LAFF 2012 Review: A Band Called Death Rises from Obscurity

While attending the Joey Ramone Birthday Bash in 2009, I noticed the headlining band was called Death. That doesn’t make any sense, I thought. The only band I know called Death is a death-metal band and that band is no more. What’s going on here? I soon found out when the proto-punk band Death performed for one of the first times since 1977. By the end of the first song, the crowd was cheering its approval. Later as the singer of opening band Rough Francis joined them for a song, it was revealed he was the son of Death’s singer/bass player, Bobby Hackney. So a whole familial rock ‘n’ roll story unfolded during the course of a concert set. One of those rare times, when an audience knew absolutely nothing about a band at the beginning of the night and were bonafide fans by the end of the set.
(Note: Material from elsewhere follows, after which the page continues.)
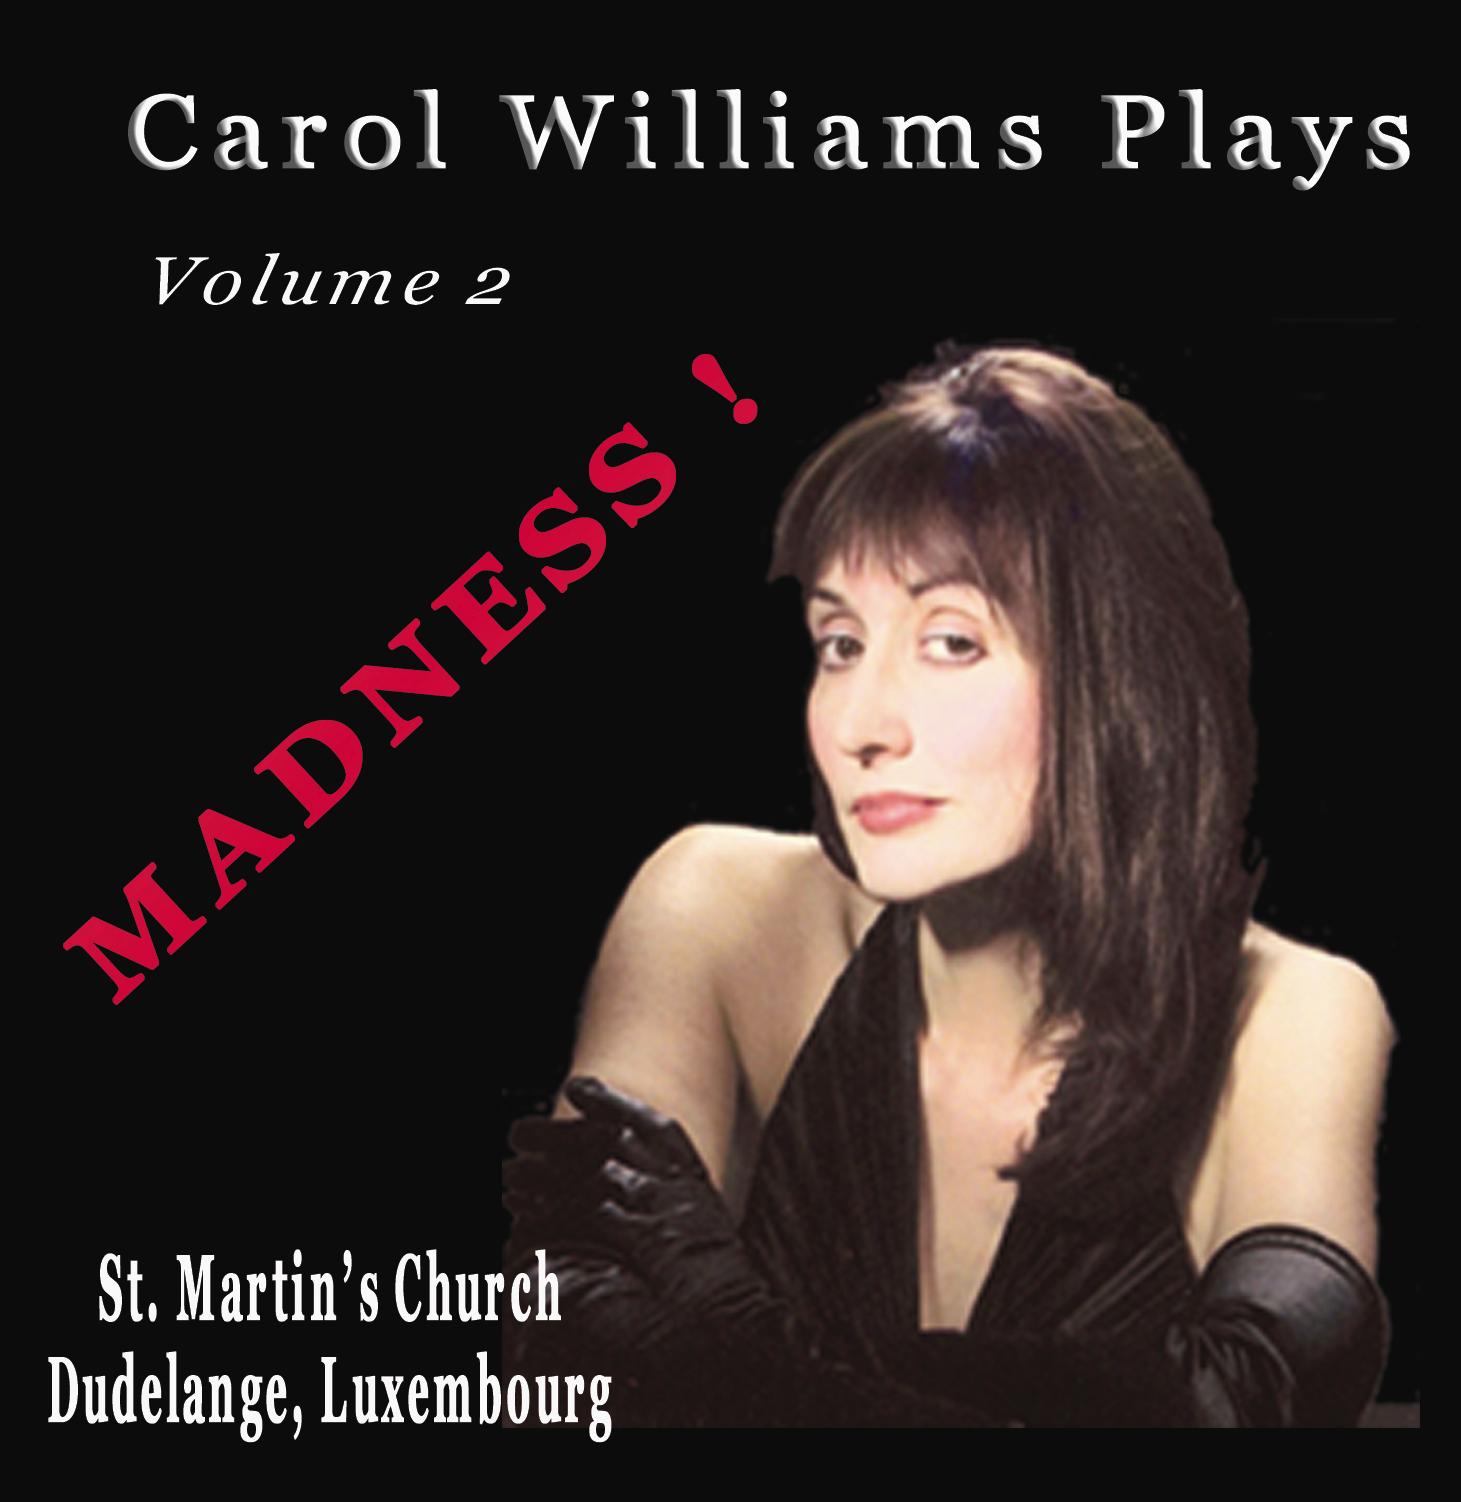 Carol Williams play Madness

In the early 1970s, David, Bobby, and Dannis Hackney, three African-American brothers from Detroit, wanted to replicate the hard-rock sound guitar sounds of Alice Cooper, Jimi Hendrix, and the Who. They formed a band and group leader David gave it the improbable name Death. With their Mom’s blessing, the teens practiced three hours a day in a bedroom converted into a studio and subsequently recorded and shopped a demo. By 1977, that dream was over – for a few decades anyway.

Filmmakers Jeff Howlett and Mark Covino documented the journey of the Hackney brothers in A Band Called Death, which premiered last month at the L.A. Film Festival. The band’s original demos from 1974 were released as For the Whole World to See in 2009 on Chicago-based Drag City Records. The filmmakers use a combination of interviews, archival clips, and most notably, footage of Bobby and Dannis returning to their family house in Detroit, revisiting their old practice space, kept intact by their Mom all these decades later. We hear cassette tapes of David, the group’s prankster and visionary, pontificating and playing jokes on friends and family, and hear some of the band’s raw, pre-punk demos.

The music itself has that proto-punk, hard rock/punk rock sound of other Detroit bands of that era like the Stooges, MC5, and early Alice Cooper. Still, Death’s rediscovery has triggered praise from all types of musicians (Henry Rollins and Kid Rock are among the artists contributing commentary throughout the film.) Even in the early 1970s, the music execs who heard Death’s demo all agreed on the band’s talent, but their distaste for the name and the musical climate of the time quashed the band’s chances at success. Clive Davis wanted to sign the band, but after David refused to change the name, the deal fell through. The brothers pressed 500 copies of a 45 RPM record – “Politicians in My Eyes” b/w “Keep on Knockin’” in 1976. The single gained little interest and the band called it quits in 1977.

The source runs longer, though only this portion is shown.